Table 2. Characteristics of 104 replication samples investigating the predictive validity of risk assessment tools.

doi:10.1371/journal.pone.0072484.t002

A designer or translator of a risk assessment tool was also an author on a research study on that instrument in 25 (k = 29; 27.9%) of the 83 studies. Authors of the English-language version of a given tool's manual were also authors of a study investigating that tool's predictive validity on 10 studies constituting 12 (11.5%) samples: 3 (2.9%) samples for the SARA, 2 (1.9%) for the HCR-20, 2 (1.9%) for the SORAG, 2 (1.9%) for the Static-99, 2 (1.9%) for the VRAG, and 1 (1.0%) for the SAVRY. A tool's translator was also an author of a study investigating that tool's predictive validity in 15 studies constituting 17 (16.3%) samples: 4 (3.8%) samples for the Static-99, 3 (2.9%) for the HCR-20, 3 (2.9%) for the SVR-20, 2 (1.9%) for the PCL-R, 2 (1.9%) for the SAVRY, 2 (1.9%) for the SORAG, and 1 (1.0%) for the VRAG.

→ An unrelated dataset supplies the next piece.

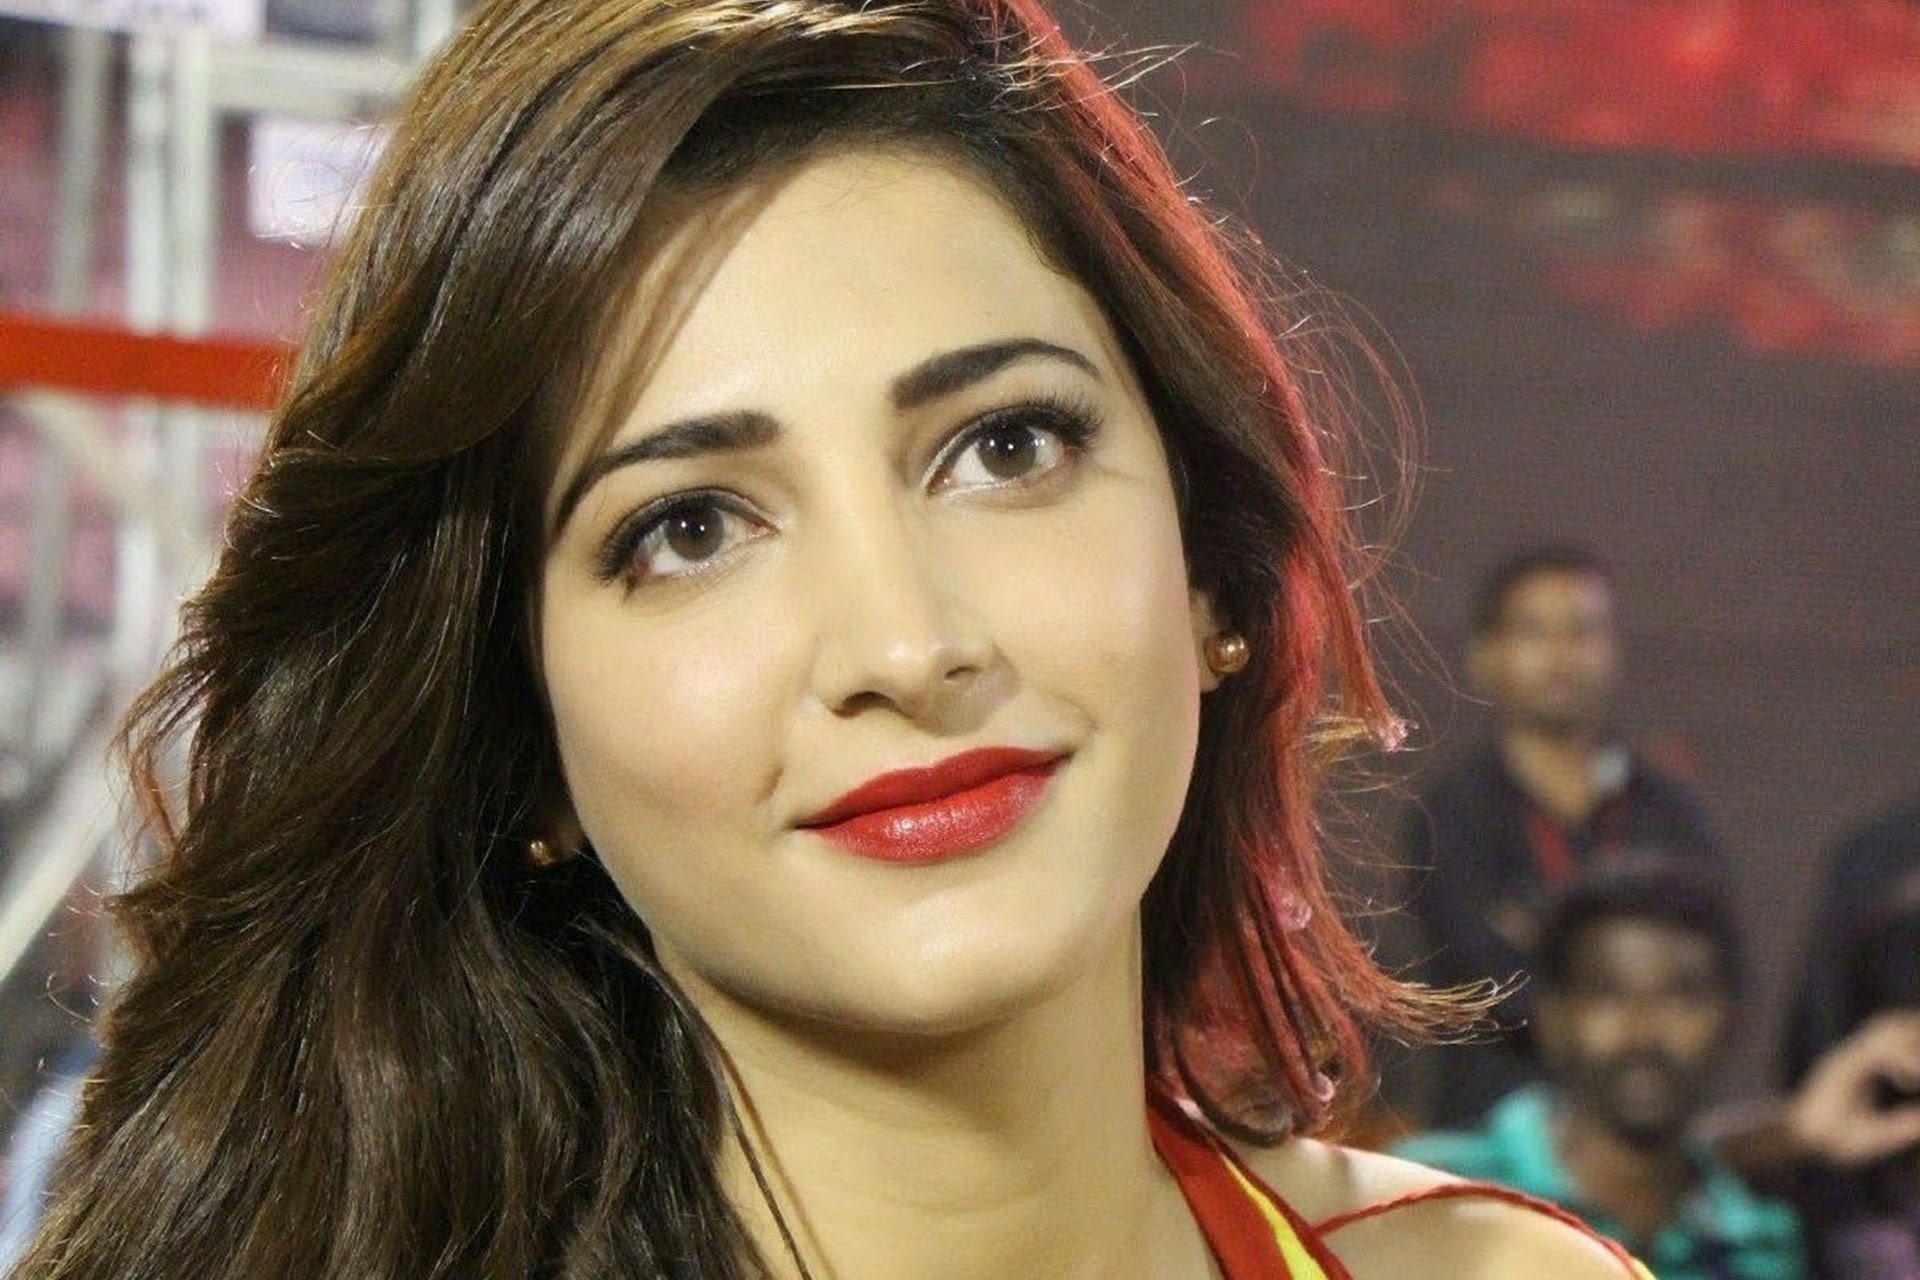 Lesser known facts about Shruti Haasan

Six of the 16 journals in which the studies appeared requested in their Instructions for Authors that any financial or non-financial conflicts of interest be disclosed. None of the 25 studies where a tool designer or translator was the author of an investigation of that instrument's predictive validity contained such a disclosure.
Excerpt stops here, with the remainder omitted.